Kombes Rita menambahkan, para korban tidak hanya diwajibkan menemani, tetapi juga mengonsumsi minuman beralkohol bersama tamu. Aktivitas berlanjut dengan karaoke, menyanyi, hingga puncaknya terjadi persetubuhan. "Kemudian selain melakukan pendampingan, mereka juga diwajibkan untuk menemani atau ikut juga mengonsumsi minuman beralkohol. Kemudian ada kegiatan karaoke di sana, menyanyi, dan berlanjut sampai dengan terjadinya hubungan badan atau persetubuhan," jelasnya.
Untuk setiap layanan, tamu dikenakan tarif bervariasi antara Rp 200.000 hingga Rp 250.000. Dari jumlah tersebut, setiap korban rata-rata menerima tips sekitar Rp 100.000 per tamu, di luar tips langsung yang diberikan oleh para tamu. "Kemudian tarif ini bervariasi sekitar Rp 200.000 sampai dengan Rp 250.000 per tamu. Dari jumlah tersebut, maka setiap korban menerima rata-rata tips sekitar Rp 100.000 per tamu. Kemudian di luar tip juga diberikan secara langsung oleh para tamu," ungkap Rita.
Durasi keterlibatan anak-anak dalam praktik eksploitasi ini juga bervariasi, mulai dari tiga bulan hingga ada yang mengaku telah menjalani selama dua sampai tiga tahun. Menariknya, Kombes Rita memaparkan adanya dua kategori korban berdasarkan tingkat pengetahuan mereka terhadap praktik eksploitasi tersebut. "Ditemukan ada dua kategori, yaitu yang pertama anak korban pada awalnya tidak mengetahui bahwa akan melakukan pendampingan yang ujungnya sampai dengan hubungan badan. Yang kedua, sejak awal mereka ada yang sudah mengetahui bahwa pekerjaan yang akan dijalani itu merupakan tahapan-tahapan yang pada akhirnya melakukan hubungan badan," terangnya.
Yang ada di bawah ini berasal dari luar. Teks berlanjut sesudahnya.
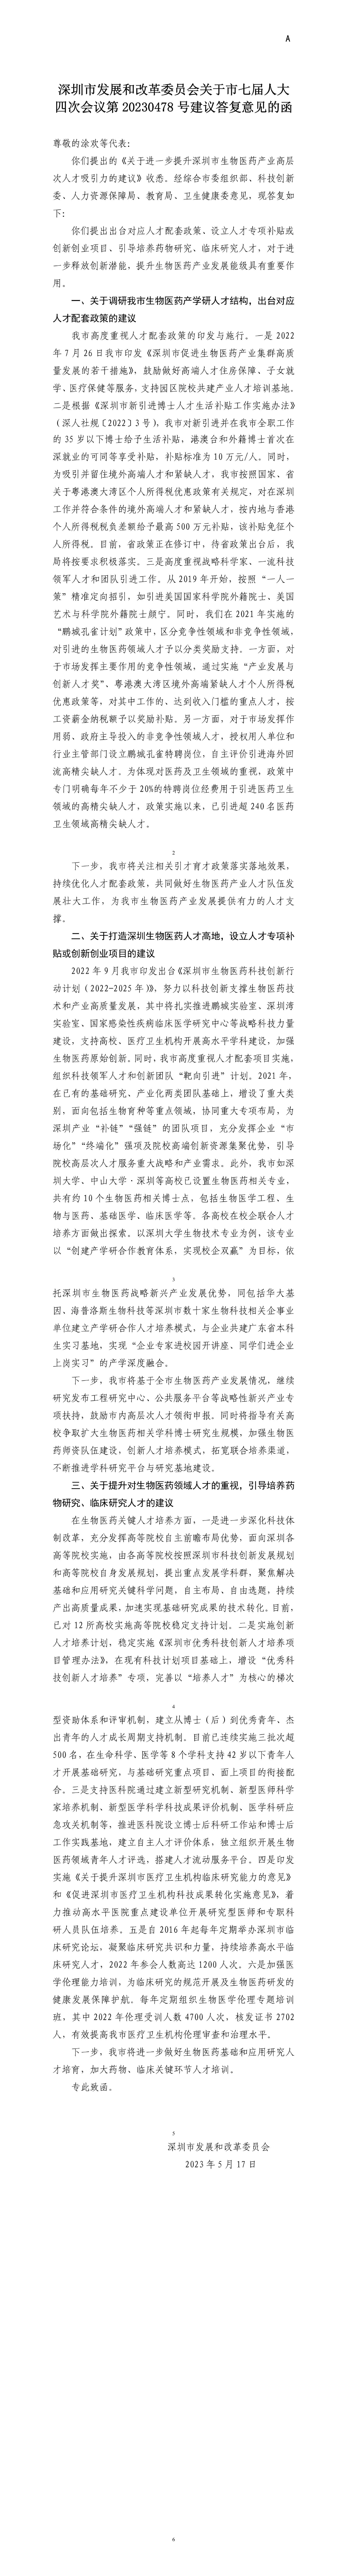 深圳市发展和改革委员会关于市七届人大四次会议第20230478号建议答复意见的函.jpg

Dalam penyelidikan kasus ini, polisi telah memeriksa 17 orang saksi. Sebanyak 37 korban yang berhasil diamankan juga telah menjalani tes urine sebagai bagian dari proses investigasi. Hingga saat ini, 12 orang telah ditetapkan sebagai tersangka. Mereka memiliki peran ganda, mulai dari muncikari yang merekrut dan mengelola korban, kasir yang mengatur transaksi keuangan, hingga bagian pemasaran (marketing) kafe yang menarik pelanggan.
Atas perbuatan keji mereka, para tersangka dijerat dengan berlapis pasal. Mereka dikenakan Pasal 76I juncto Pasal 88 Undang-Undang Perlindungan Anak, dengan ancaman hukuman maksimal 10 tahun penjara dan denda hingga Rp 200 juta. Selain itu, Pasal 12 juncto Pasal 15 huruf f dan huruf g Undang-Undang Nomor 12 Tahun 2022 tentang Tindak Pidana Kekerasan Seksual (TPKS) juga diterapkan, yang mengancam hukuman paling tinggi 15 tahun penjara. Tak berhenti di situ, pasal-pasal terkait dalam Kitab Undang-Undang Hukum Pidana (KUHP), yakni Pasal 419, Pasal 420, Pasal 421, Pasal 422, dan Pasal 455, turut melengkapi jeratan hukum bagi para pelaku.